Intrahepatic complications of hydatid cysts include cyst rupture and infection. Although rupture may be related to minor trauma, the natural history of hepatic hydatid cysts implies rupture as a
complication in 50%–90% of cases. Passage of the cyst contents into the host's blood circulation can produce anaphylaxia due to the antigenic nature of the cyst fluid, although cyst rupture may
be clinically silent. Lewall and McCorkell classified rupture of echinococcal cysts into 3 types: (1) contained, communicating, and direct. Contained ruptures occur when the endocyst ruptures but the
pericyst remains intact. Endocyst detachment is seen at cross-sectional imaging as floating membranes within the cyst. Contained rupture may be related to degeneration, trauma, or response to
therapy. Communicating rupture implies passage of the cyst contents into the biliary radicles that have been incorporated into the pericyst. Direct rupture occurs when both the pericyst and endocyst
rupture, allowing free spillage of hydatid material into the peritoneal cavity, pleural cavity, hollow viscera, abdominal wall, and so on. Direct rupture is more frequent in lesions located near the
edge of the liver, where there may be less protection for the cyst due to a deficient pericyst and little host tissue to offer support. In communicating and direct ruptures, the cyst empties and may
become smaller and less spherical.

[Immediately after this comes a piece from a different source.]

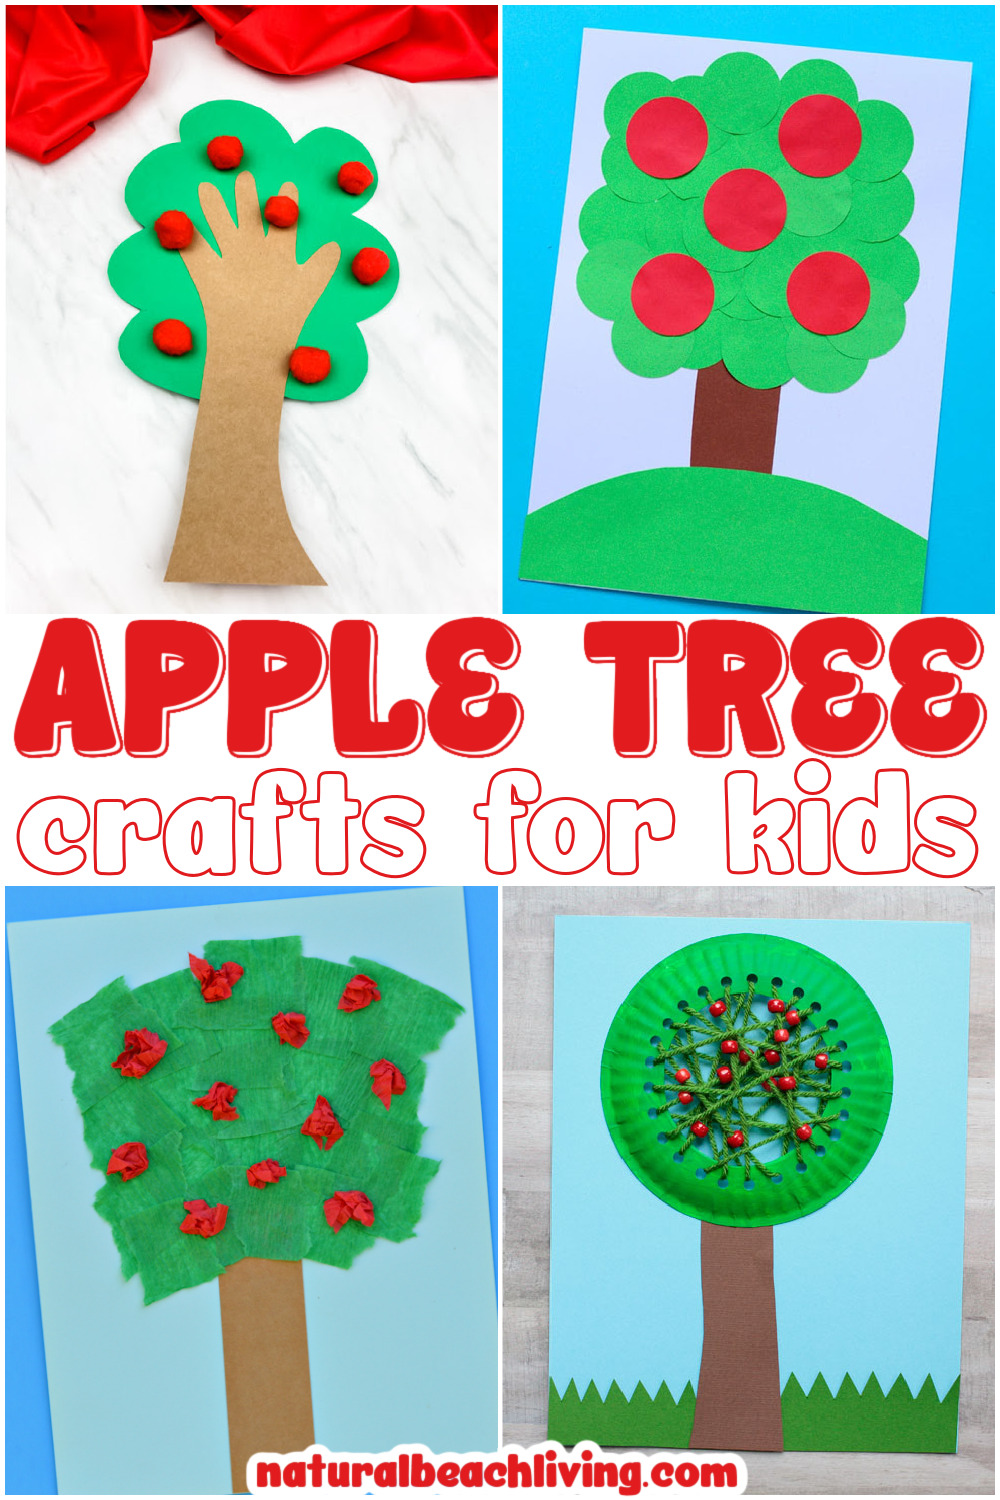 Apple trees are one of the best fall themes. Whether you're eating them, picking them, or crafting with them, everyone loves apples! Here are 16 apple tree crafts for kids to inspire you and your little ones this season. Apple Preschool Crafts

As many as 90% of hepatic hydatid cysts are of the second type, usually silent. Communicating rupture of a cyst into the biliary system may occur through small
fissures or bile-cyst fistulas or through a wide perforation that allows access to a main biliary branch. Rupture into the larger tree occurs in 5-15% of cases and, in this situation, obstructive
jaundice or cholangitis is much more common than when communication is small. It is essential that imaging findings that suggest a biliary communication be reported to ensure adequate surgical
management. Diagnosis of a hepatic hydatid cyst’s rupture into the biliary tree should be based on a clinical, laboratory, and imaging findings. Clinical symptoms and findings are non-specific,
although nausea and vomiting, together with an alkaline phosphatase concentration greater than 144 U/L and a total bilirrubin concentration greater than 0.8 mg/dL are independent clinical factors for
occult rupture. The presence or a history of jaundice is an independent predictor of frank rupture. Radiological signs of a hydatid cyst’s rupture into the biliary tree include demonstration of
a defect in the cyst wall, a communication between the cyst and the biliary tree, and the presence of hydatid material within the biliary tree. On sonography, intrabiliary material appears as a
hypoechoic or echogenic structures of varying sizes and shapes without acoustic shadowing. Fragmented membranes are seen as highly echogenic linear structures. At contrast enhanced ultrasound these
lesions are hypo vascular at, portal, and late phases. On computed tomography an interruption in the cyst wall represents the communication between the cyst and the biliary tree. MR imaging may
demonstrate interruption in the low-signal-intensity rim of the cyst wall as well as extrusion of contents through the defect.